This experiment to measure trust is based on the investment game introduced by Berg et al. (1995), a one-shot game for two players or movers who anonymously interact with each other. The first mover receives an endowment of 10 points and can transfer zero to ten points to the second mover. Every point that is transferred is doubled by the experimenters. The second mover is also given an endowment of ten points. After receiving points from the first mover, he/she decides on how much of the endowment to transfer back to the first mover (zero to ten points). As with the first mover's transfer, the back-transfer by the second mover is doubled by the experimenters. After the second mover's decision, the game ends and the subjects are paid their income in euros (one point equals one euro) by check sent a few days later.

A fundamental component of the game is that the participants actually receive money in accordance with the fixed payout function, i.e., all the decisions always have monetary consequences. This version of the game was developed by Fehr, Fischbacher, Schupp, von Rosenbladt & Wagner (2002).
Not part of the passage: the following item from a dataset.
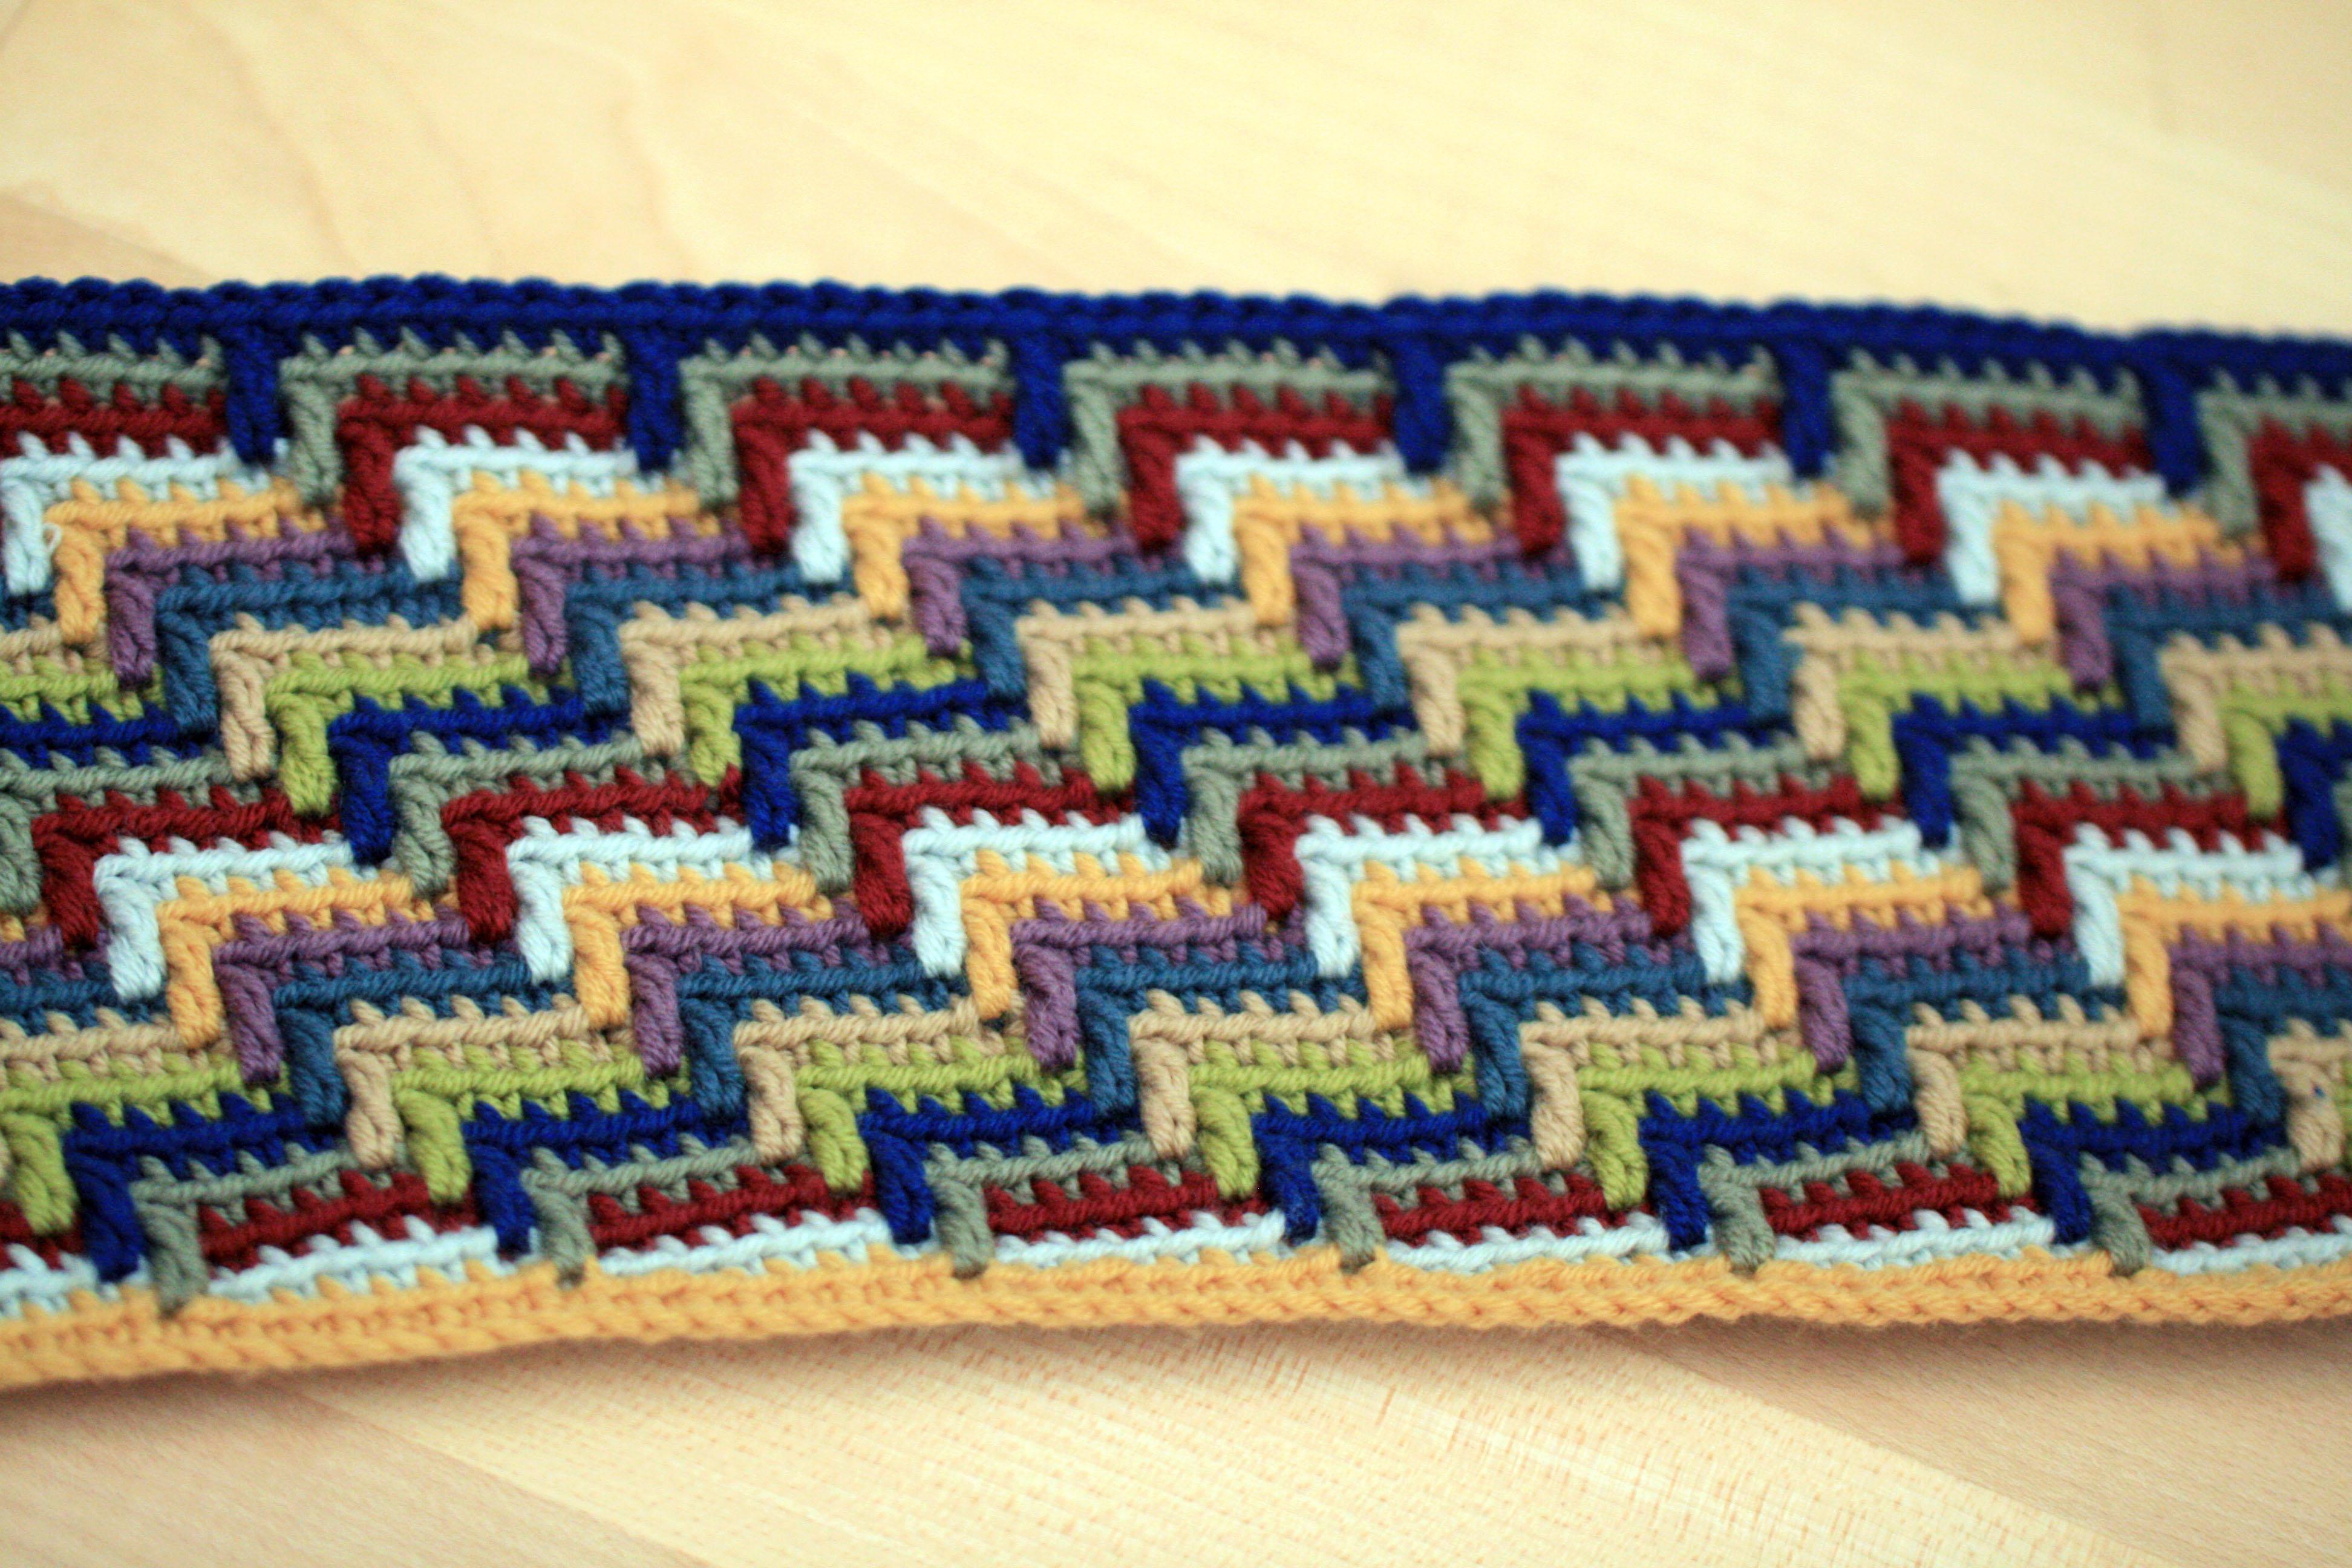 How To Crochet Apache Tears Pattern For Blanket : Apache Tears Free Pattern

The combination of representative survey and behavioral experiment was used in the SOEP main surveys in 2003, 2004, and 2005, with only minor modifications. Of the 1,432 original participants in 2003, 1,202 also took part in the experiment in 2004 and 2005.

The data are available in long format in the "TRUST" dataset. Consequently, this dataset contains information from each of the three waves in which the behavioral experiment was conducted.

3.6 TIMEPREF
Dataset on the Economic Behavior Experiment on Time Preferences in the 2006 SOEP Survey

In this experiment on economic behavior, respondents were asked to decide how they would like to receive €200 in prize money: if they would rather receive it immediately by check, or if they would prefer to wait and receive a larger amount later—that is, with interest. By splitting the sample (N = 1,503 persons) into random subsamples (splits), it was possible to vary both the time horizon and the implied interest rate to test possible incentive effects on the choice between a low payoff in the short term and a high payoff in the long term. The scientific director of the project was Prof. Dr. Armin Falk, CENs, University of Bonn.
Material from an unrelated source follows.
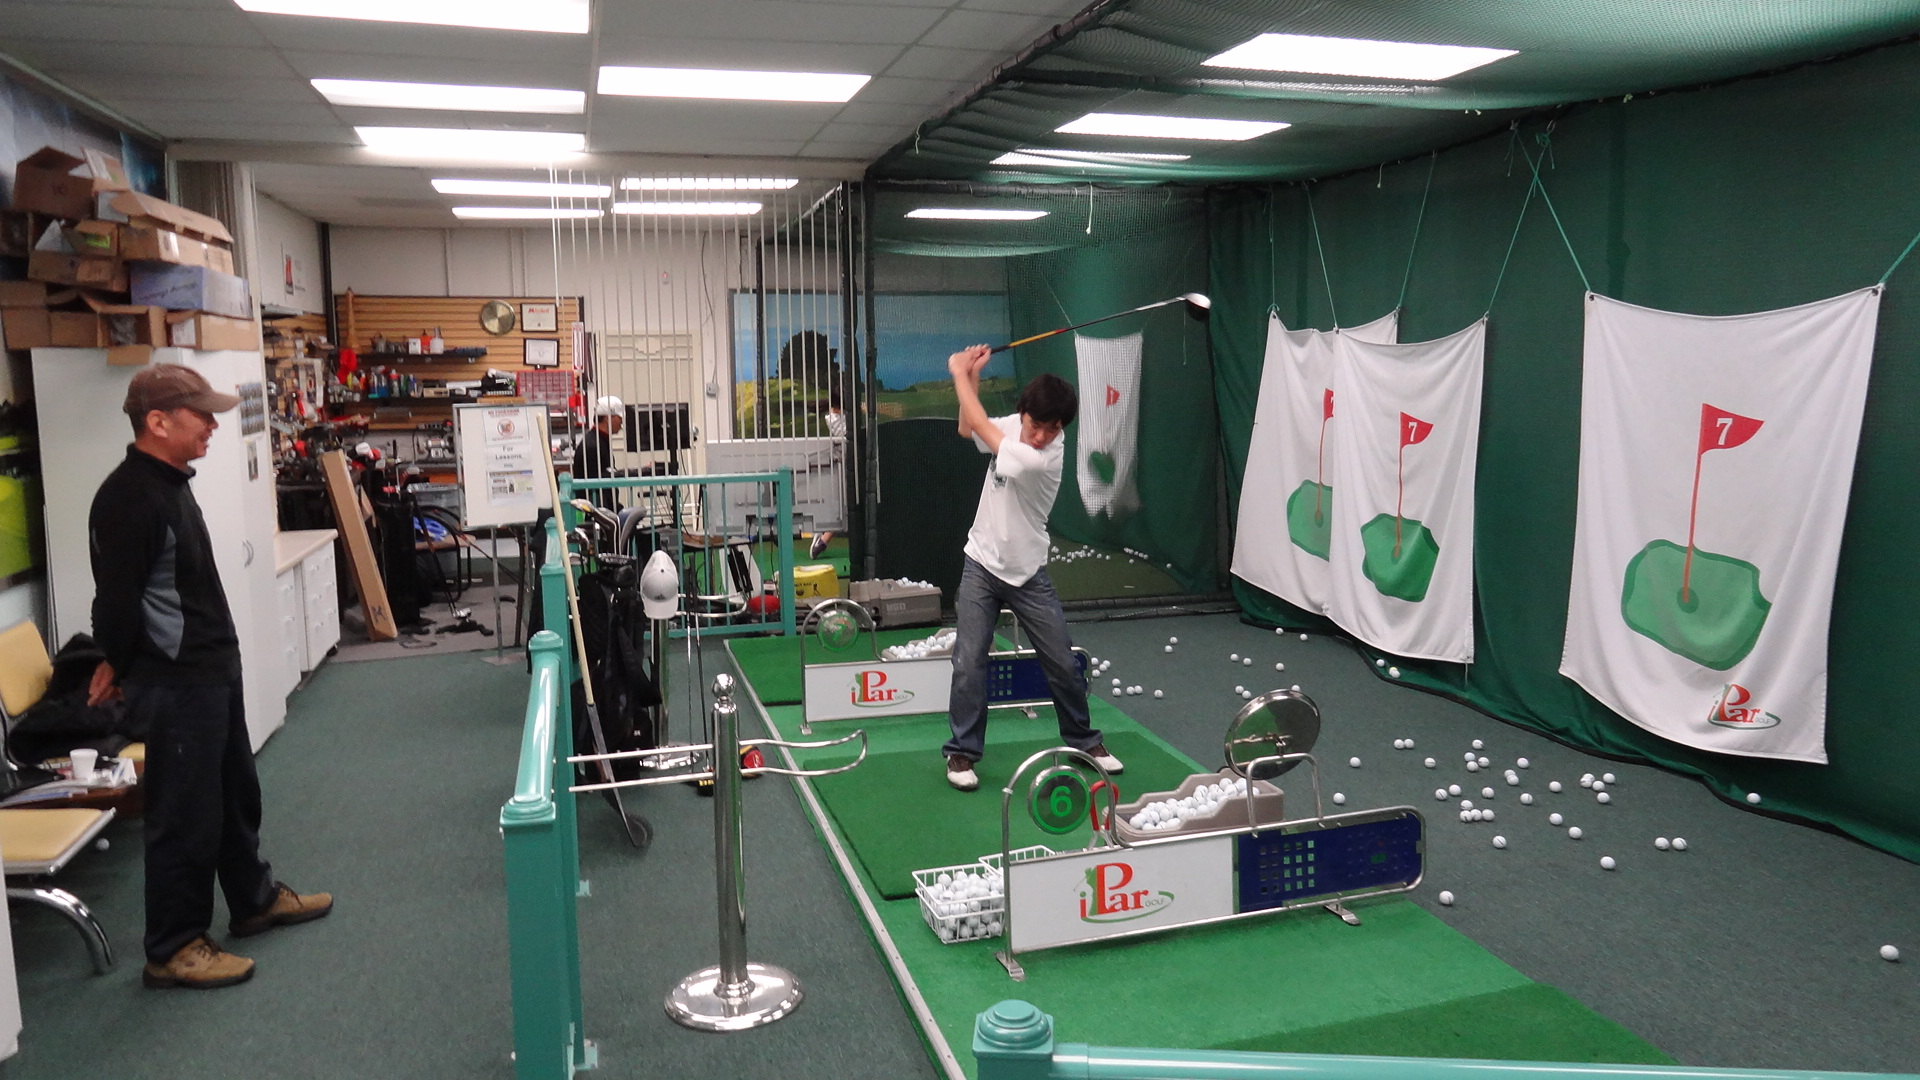 Ipar golf academy in santa clara ca 95051 for Academy salon santa clara

4. New or revised variables

4.1 $HBRUTTO dataset

REGTYP$$:
The $HBRUTTO dataset will include a new variable to distinguish between urban, suburban and rural regions. This is based on the spatial categories of counties (as of December 31, 2009) used by the Federal Institute for Research on Building, Urban Affairs and Spatial Development (BBSR). The following spatial structure characteristics are used to define the categories:

  • Share of county’s population in large or medium-sized cities
  • Population density of the county
  • Population density of the county without taking large or medium-sized cities into consideration

Thus, three categories can be defined:

  1. Urban regions (Cities with at least 100,000 inhabitants and counties with at least 50% of the population living in large or medium-sized cities and with a population density of at least 150 inhabitants/km²; and counties with a population density not including large or medium-sized cities of at least 150 inhabitants/km²)
  2. Regions undergoing urbanization (Counties with at least 50% of the population living in large or medium-sized cities but a population density of below 150 inhabitants/km², and counties with less than 50% of the population living in large or medium-sized cities, and with a population density (excluding large or medium-sized cities) of at least 100 inhabitants/km²)
  3. Rural regions (counties with less than 50% of the population living in large or medium-sized cities and population density (excluding large or medium-sized cities) of below 100 inhabitants/km²).

 

4.2 $PGEN dataset

BILZTCH$$ / BILZTEV$$:
BILZTCH$$ indicates whether the respondents’ answers suggest a downward shift in years of education or training ($BILZEIT) since the last observation or an upward change since the last year which is inconsistent with additional information on education or training recently completed.
BILZTEV$$
is a flag variable which indicates whether the respondent showed some inconsistent change in $BILZEIT either upwards or downwards over the entire observation period.

$VEBZEIT and $UEBSTD

To be consistent with the FID dataset, the missing values of the variables $VEBZEIT and $UEBSTD were slightly recoded, as the missing value –2 is now assigned to self-employed individuals. In previous waves, self-employed persons had the missing value –3 (implausible answer).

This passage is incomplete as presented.